Двое мужиков копают могилу для Офелии - и по-своему, с этим равнодушием,

которое дается привычкою и невежеством, рассуждают о ее смерти. Входят

Гамлет и Горацио. Первый уныл, грустен, как человек, без интереса

предпринявший важную борьбу и предвидящий ее роковое и неизбежное для себя

окончание. Мысль о смерти, о конце и преходящности всего в мире овладевает

им. Зрелище кладбища усиливает ее. Он вступает в разговор с могильщиком, и

грубые, но иногда ловкие ответы последнего делают этот разговор похожим на

стук молотка, которым заколачивают гроб. "Не копай глупостей из могилы,

приятель", - говорит Гамлет могильщику. "О! я не копаю, а закапываю их", -

отвечает ему могильщик, в полной уверенности, что он очень забавно шутит, и

нимало не подозревая, что от такой шутки мерзнет кровь в жилах... Могильщик

выкапывает череп из могилы, бросает его на пол и говорит Гамлету, что это

череп Йорика... "Бедный Йорик!" - восклицает Гамлет и говорит Горацио о том,

что этот Йорик нашивал его на руках, что он был остряк и забавник, а теперь

у него не осталось ни одной остроты, чтобы посмеяться над собственным

безобразием. Потом переходит к мысли, что прах Александра Македонского и

Цезаря теперь - глина, употребленная на замазку стены в хижине селянина.

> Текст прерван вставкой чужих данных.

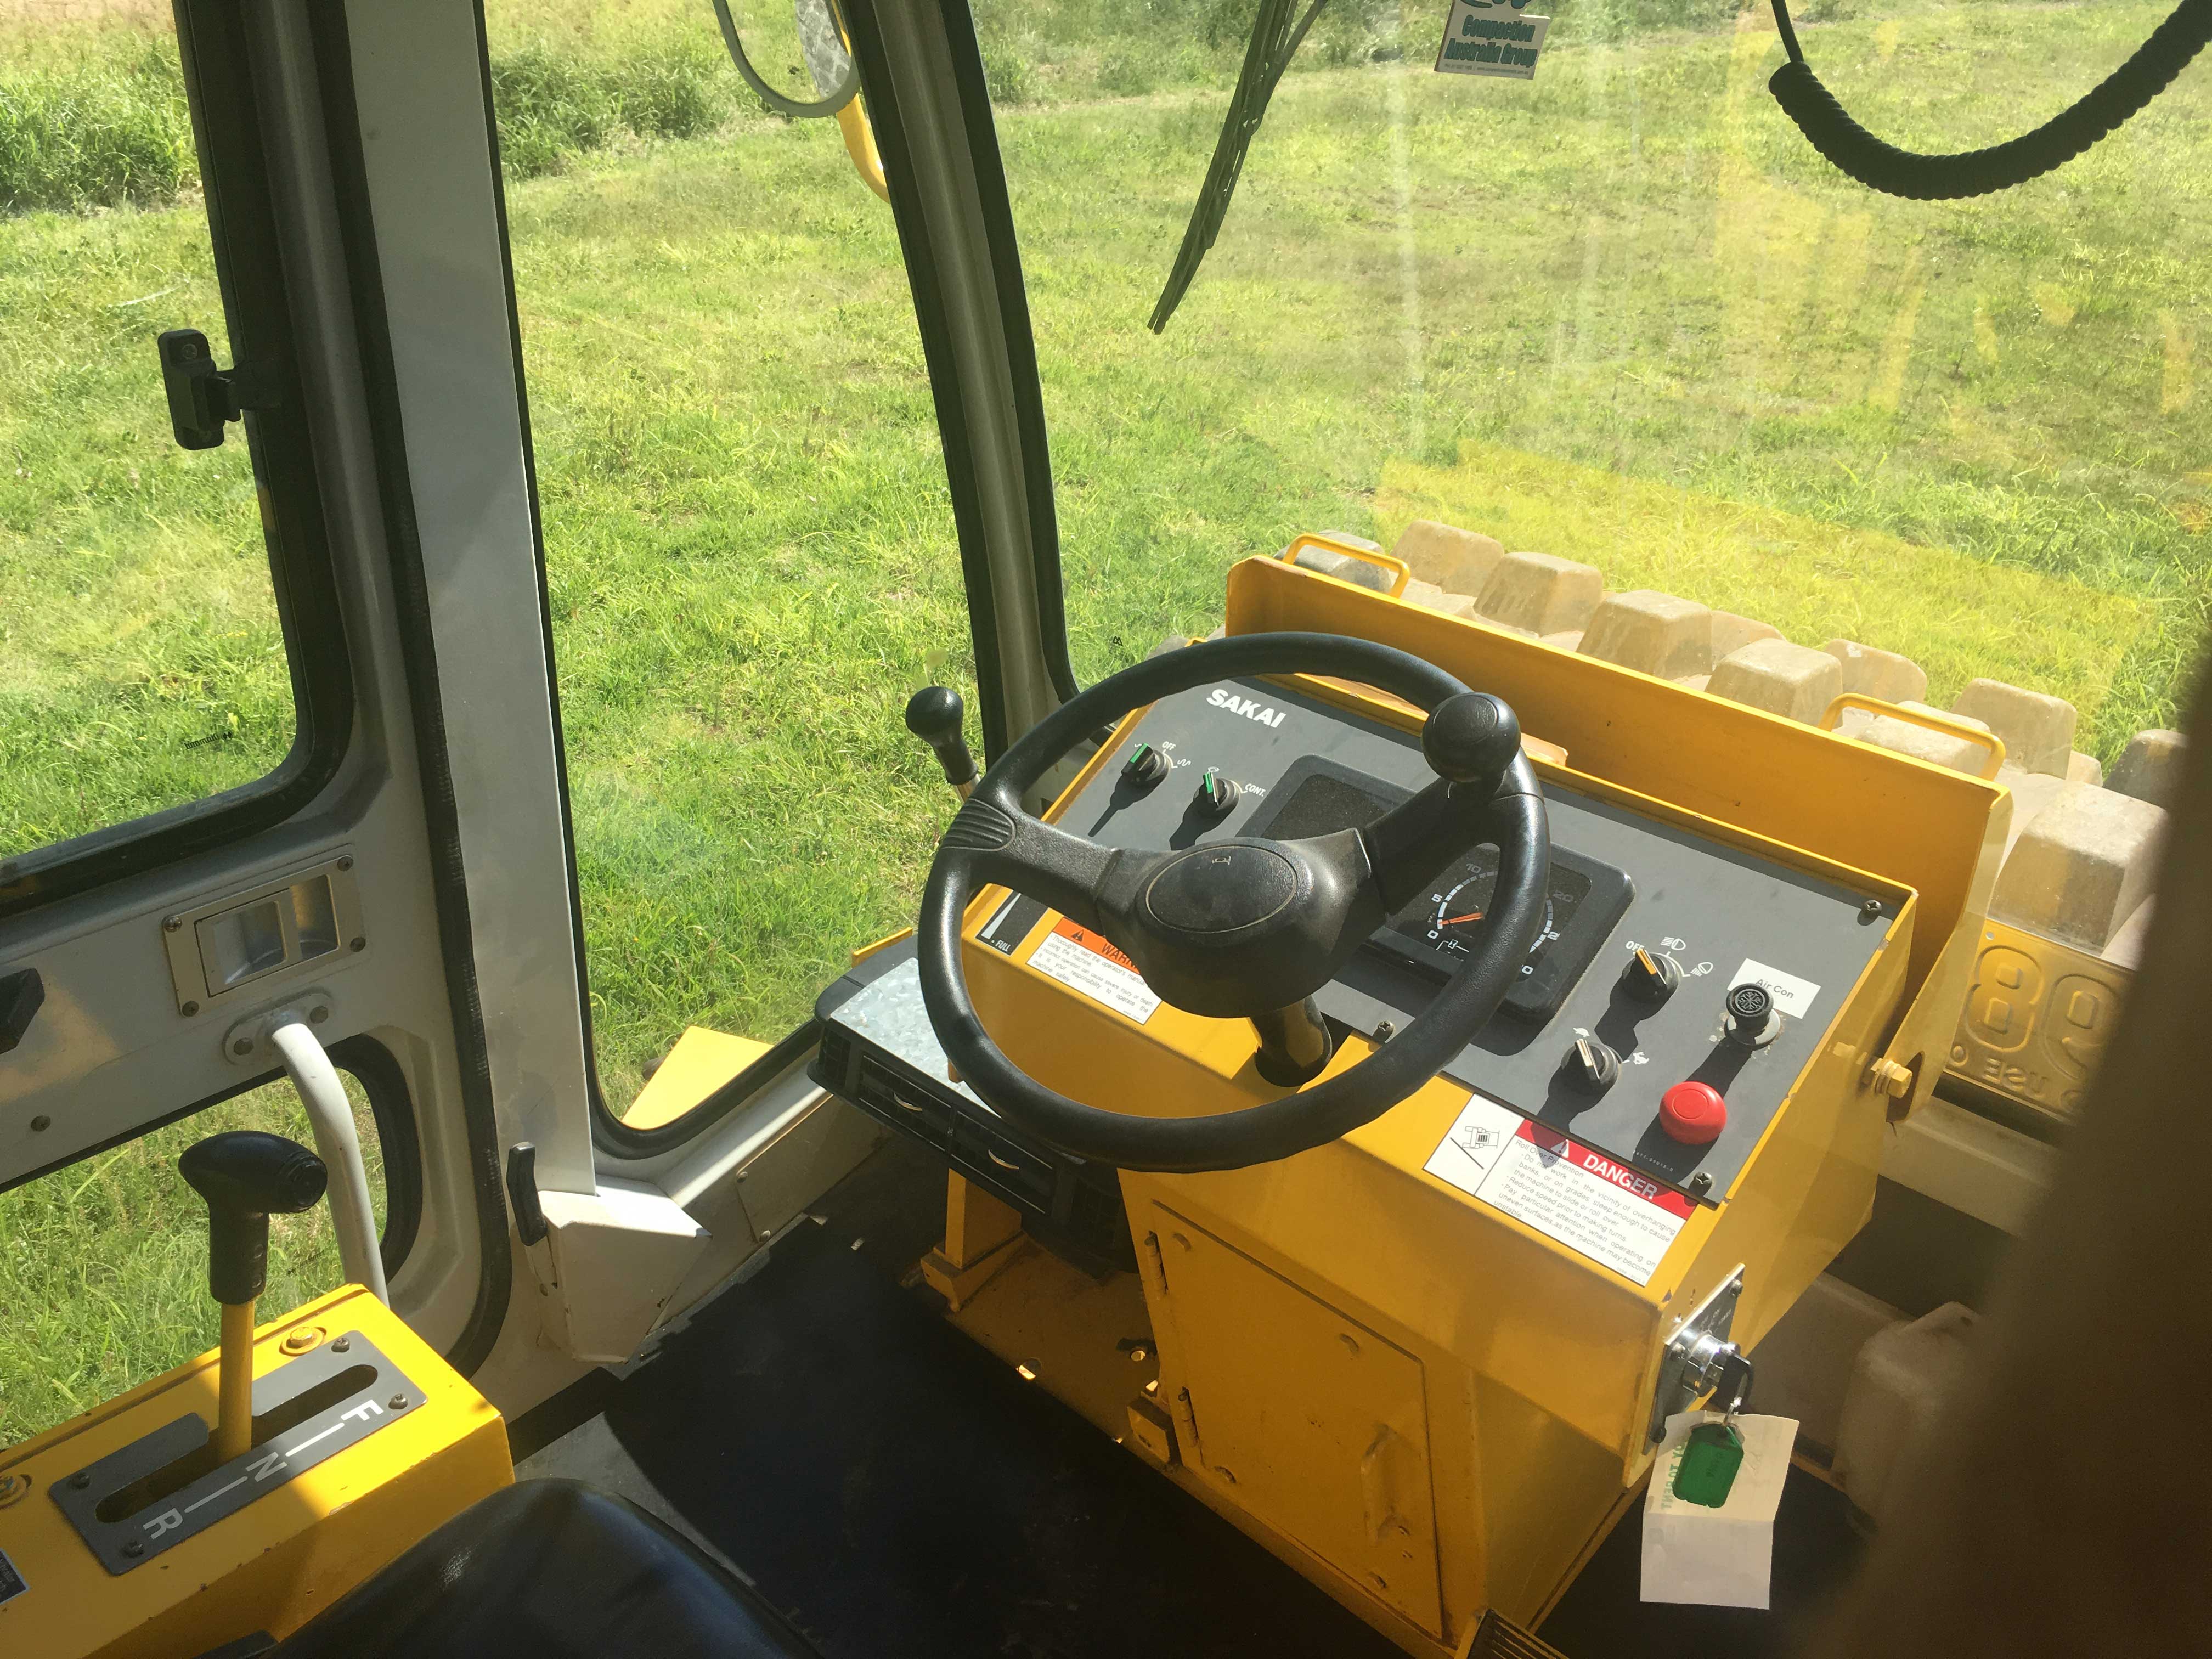 Inside the cab of the Sakai SV512TF padfoot roller

Великолепный Цезарь ныне прах и тлен,

И на поправку он истрачен стен.

Живая глина землю потрясала,

А мертвая замазкой печи стала!

Вдруг появляется похоронная процессия: несут гроб Офелии, который

провожают король, королева и несколько придворных. Гамлет в изумлении;

наконец он узнает ужасную тайну и, на проклятия и стенания Лаерта, отвечает:

Кто хнычет тут? Кто смеет плакать?

Лаерт.

Будь проклят ты, убийца!

Гамлет.

Тише, тише!

Зачем за горло схватывать меня?

Бороться не тебе со мной, приятель!

Король.

Остановите их!

Королева.

Гамлет, мой сын, Гамлет!

Гамлет.

Нет! я не уступлю ему, пока я жив!

Он хочет удивить меня печалью -

Но я любил ее, как сорок тысяч братьев

Любить не могут!

Королева.

Он с ума сошел.

Гамлет.

Чего ты хочешь? Плакать, драться, умирать,

Быть с ней в одной могиле? Что за чудеса?

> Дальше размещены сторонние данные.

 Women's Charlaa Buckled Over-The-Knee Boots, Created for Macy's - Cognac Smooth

Да я на все готов, на все, на все -

Получше брата я ее любил...

_Второе_ явление _пятого_ действия происходит во дворце, между Гамлетом

и Горацио.

Гамлет.

Да, я их обманул. Горацио, я отвратил погибель,

И обратил ее на голову злодеев.

Безумцем притворяясь, было мне легко

Похитить грамоты, их прочитать, подделать.

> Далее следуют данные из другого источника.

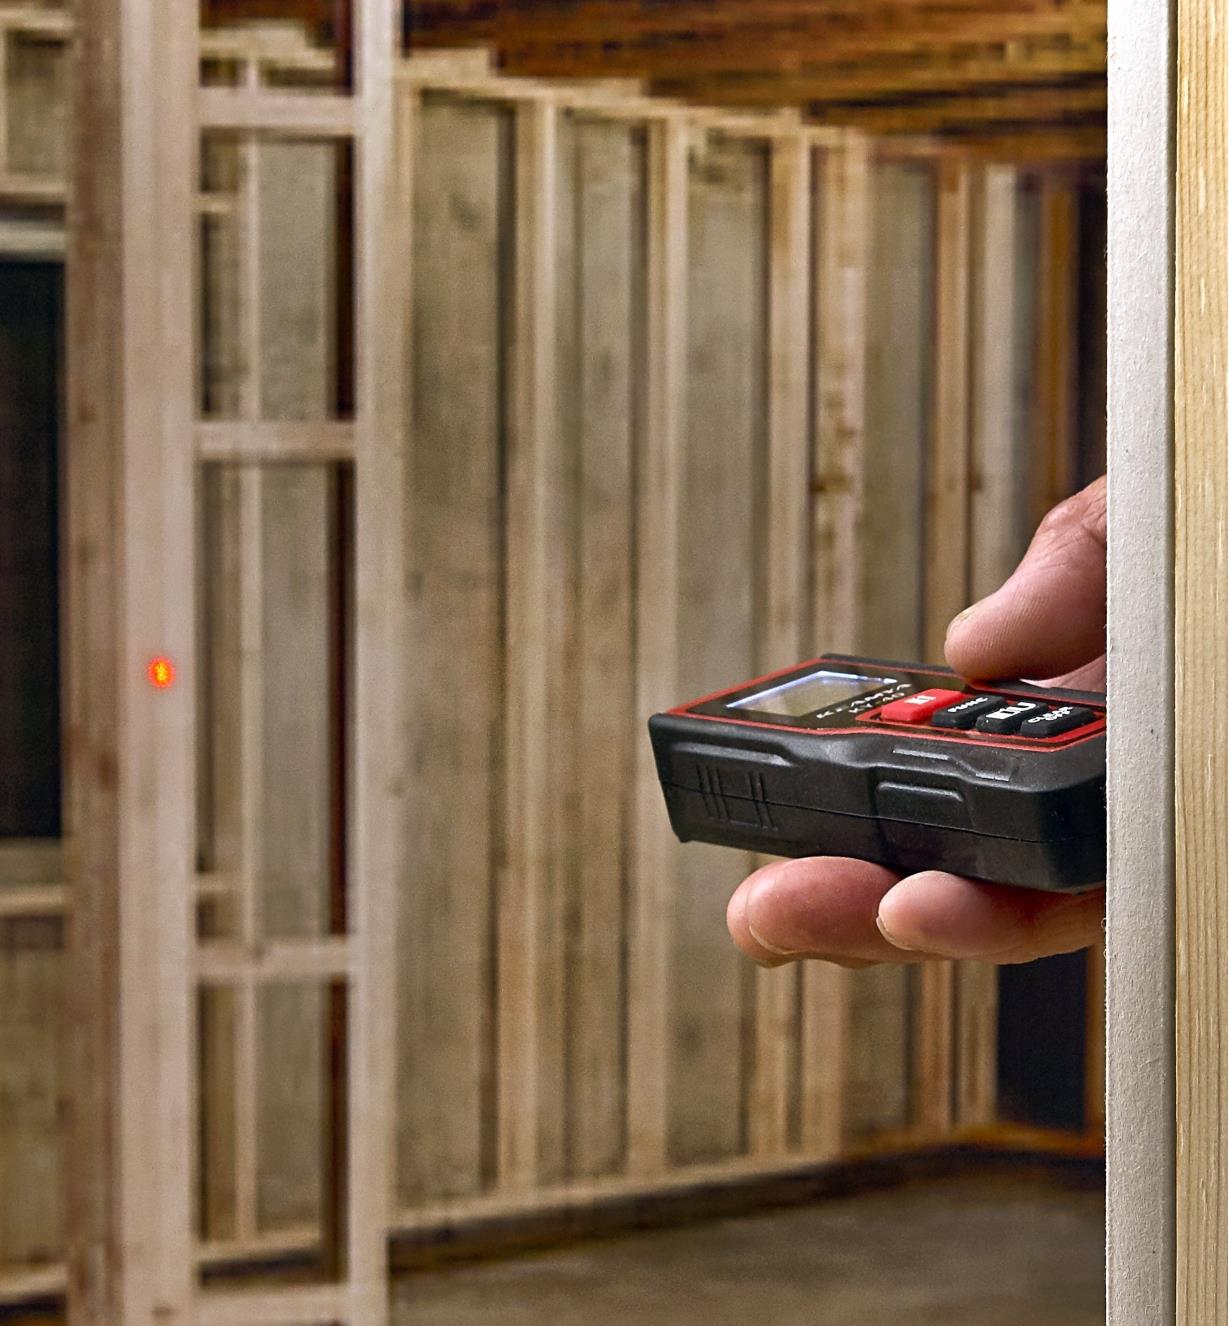 A pocket laser measure is being used to measure the distance between two walls

По счастью, у меня была печать

Отца покойного; печатью этой

Я запечатал - хочешь ли ты знать,

Что было в грамотах?

Горацио.

Принц, я желал бы...

Гамлет.

Приказ - казнить меня не медля! Не дивись,

Мой друг! В подарок Розенкранцу с Гильденштерном

Я написал взаимно их казнить,

Едва они достигнут английской земли.

Пускай они увидят, как опасно

Стать между двух мечей, когда свирепый

Бой начался меж сильными людьми?

Видите ли: слова Гамлета, сказанные им его матери: "Поедем поглядим,

кто похитрей кого взорвет на воздух" не были ни пустым хвастовством, ни

уловкою слабого человека, старавшегося обмануть самого себя; нет, этот

_теоретический_ Гамлет перехитрил, провел за нос, одурачил всех этих

_практических_ людей, как замечает Гизо {229}. Нет, Гамлет не слабое,

бессильное дитя, когда надо действовать свободно, по внутреннему побуждению,

даже когда надо губить людей, если только "бешенство против них дает

достаточно силы на их погубление. Он только упрекает себя в том, что у него

нет столько бешенства против убийцы его отца, обольстителя его матери,

хищника короны, сколько нужно бешенства для того, чтобы убийство показалось

не долгом, не обязанностию, а удовлетворением душевной потребности, которое

во всяком случае должно быть по крайней мере легко. Однакож с той минуты,

когда он узнал о злодейском умысле короля на собственную жизнь, его решение,

кажется, тверже, хотя он и попрежнему еще много говорит о нем, что не совсем

сообразно с твердым решением -

С ним решено теперь. -

Убийца моего отца, престола хищник.

И матери моей бесчестный соблазнитель,

Коварно умышлявший погубить меня,

Погибнуть должен - совесть мне велит

Казнить злодея - преступленье будет

Его оставить на позор земли.

Горацио.

Он скоро разгадает хитрость вашу.

Гамлет.

Он не успеет разгадать - его минуты

Изочтены. - Но совестью теперь тревожусь я

За оскорбление Лаерта - я забылся,

Я должен был печаль его уважить -

Его судьба моей судьбе подобна...

Входит один из придворных, Осрик, и самым искусным, самым придворным

образом предлагает Гамлету, от имени короля, вызов Лаерта и уведомляет его,

что король держит за него, против Лаерта, шесть превосходных коней, Лаерт

же, за себя, шесть драгоценных шпаг и шесть кинжалов, а спор состоит в том,

со стороны короля, что из двенадцати раз Лаерт не даст Гамлету и трех

ударов, а со стороны Лаерта, что он из девяти раз дал Гамлету три удара. Вся

эта сцена превосходна в высшей степени: в ней нет ничего придуманного,

натянутого или изысканного для насильственной развязки, за неимением

естественной, как то часто бывает у обыкновенных талантов. У Шекспира,

напротив, развязка выходит необходимо из сущности действия и

индивидуальности характеров, и все это просто, обыкновенно, естественно.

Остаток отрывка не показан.